INFORMATION SUPPLIED:

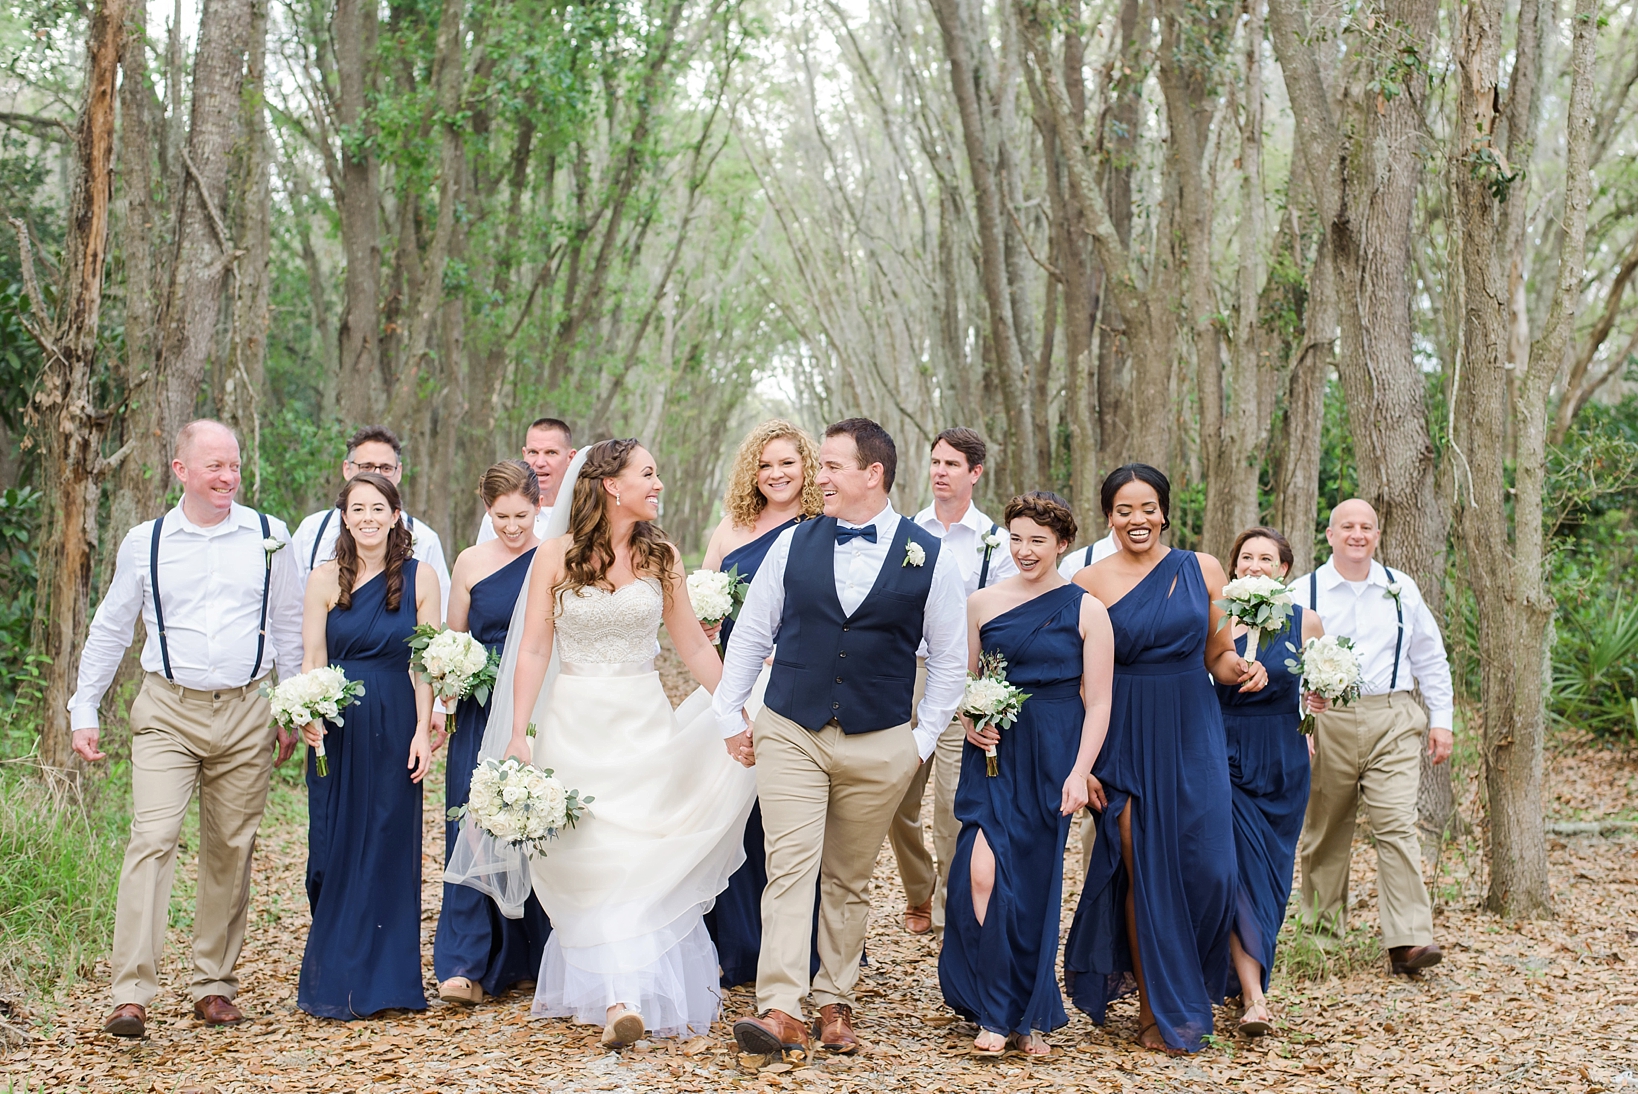 The wedding Bridal Party walking through the woods towards the ceremony by Sarah & Ben Photography
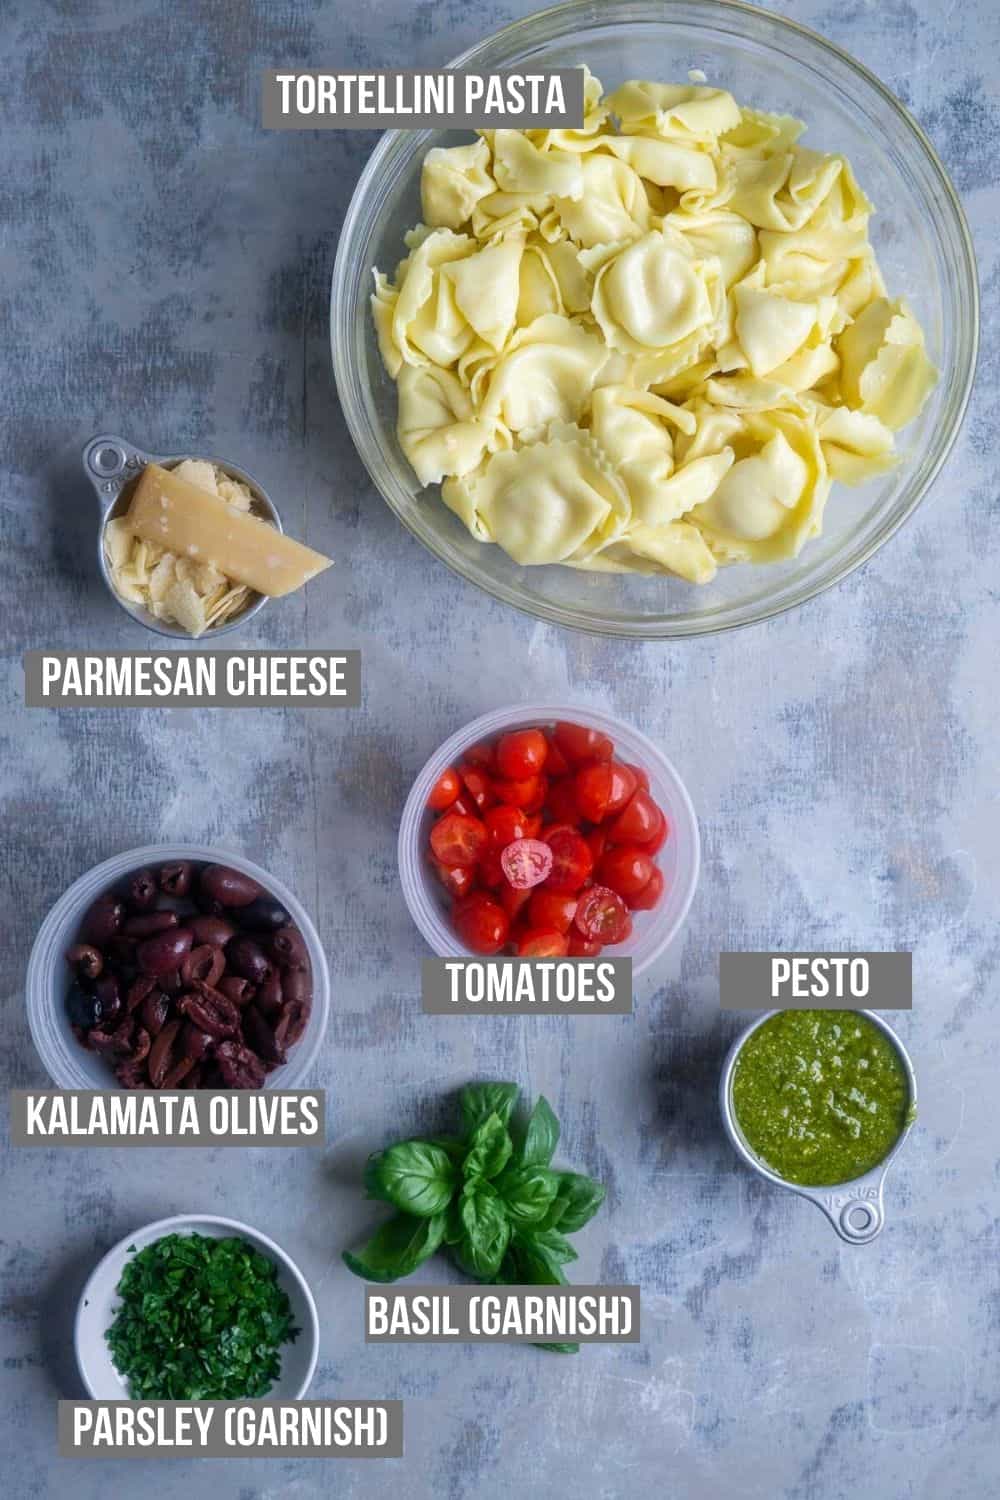 pesto tortellini pasta salad ingredients measured into bowls and ready to use
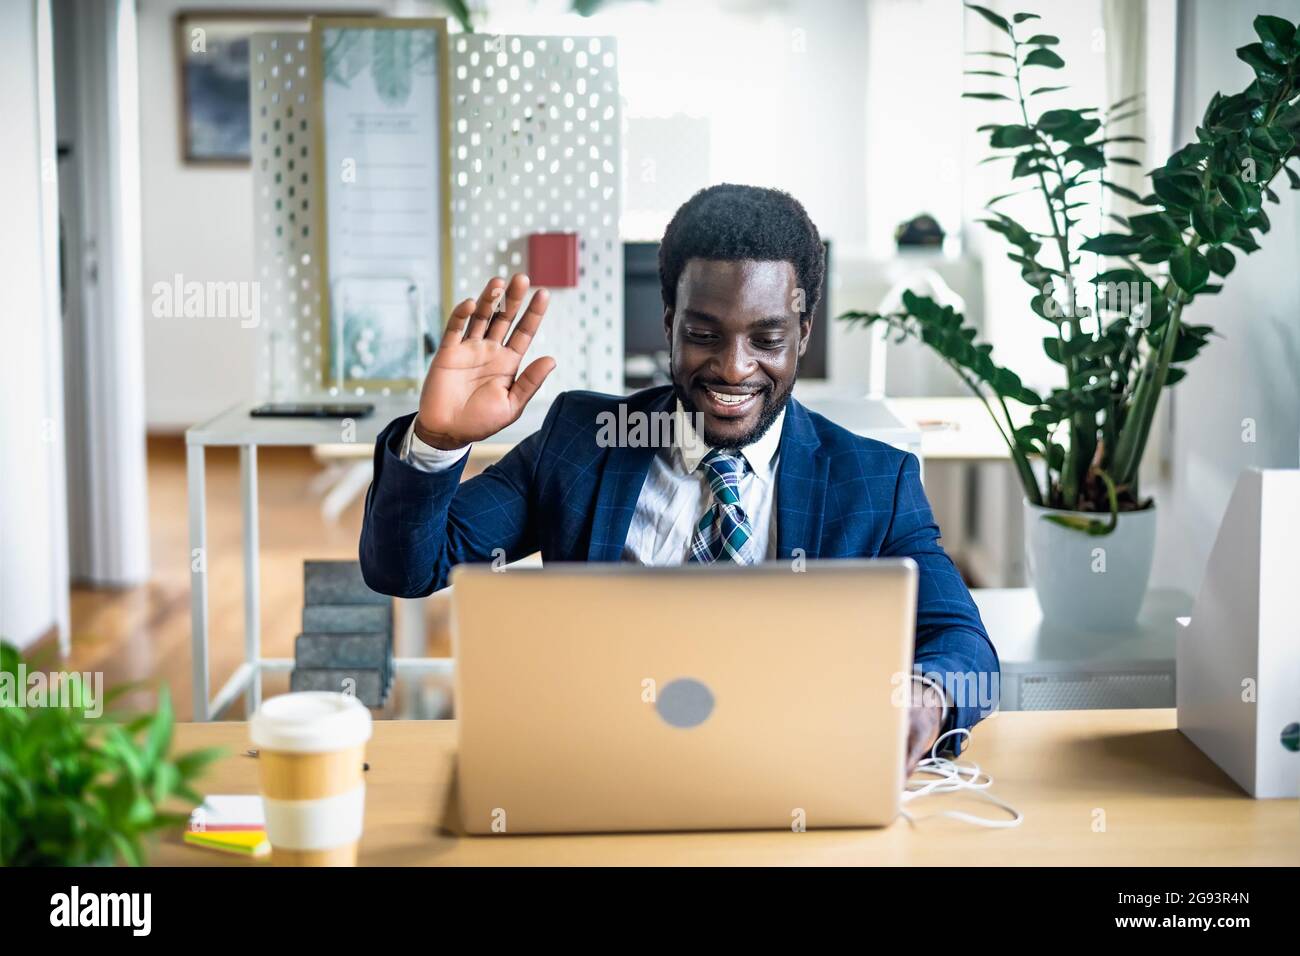 Business Afro man doing online video conference on laptop inside modern office Stock Photo

WHAT THE TASK REQUIRES:
Keep every word of the lines above unchanged in the copy, and omit the pictures.

FINISHED EXERCISE:
 The wedding Bridal Party walking through the woods towards the ceremony by Sarah & Ben Photography
 pesto tortellini pasta salad ingredients measured into bowls and ready to use
 Business Afro man doing online video conference on laptop inside modern office Stock Photo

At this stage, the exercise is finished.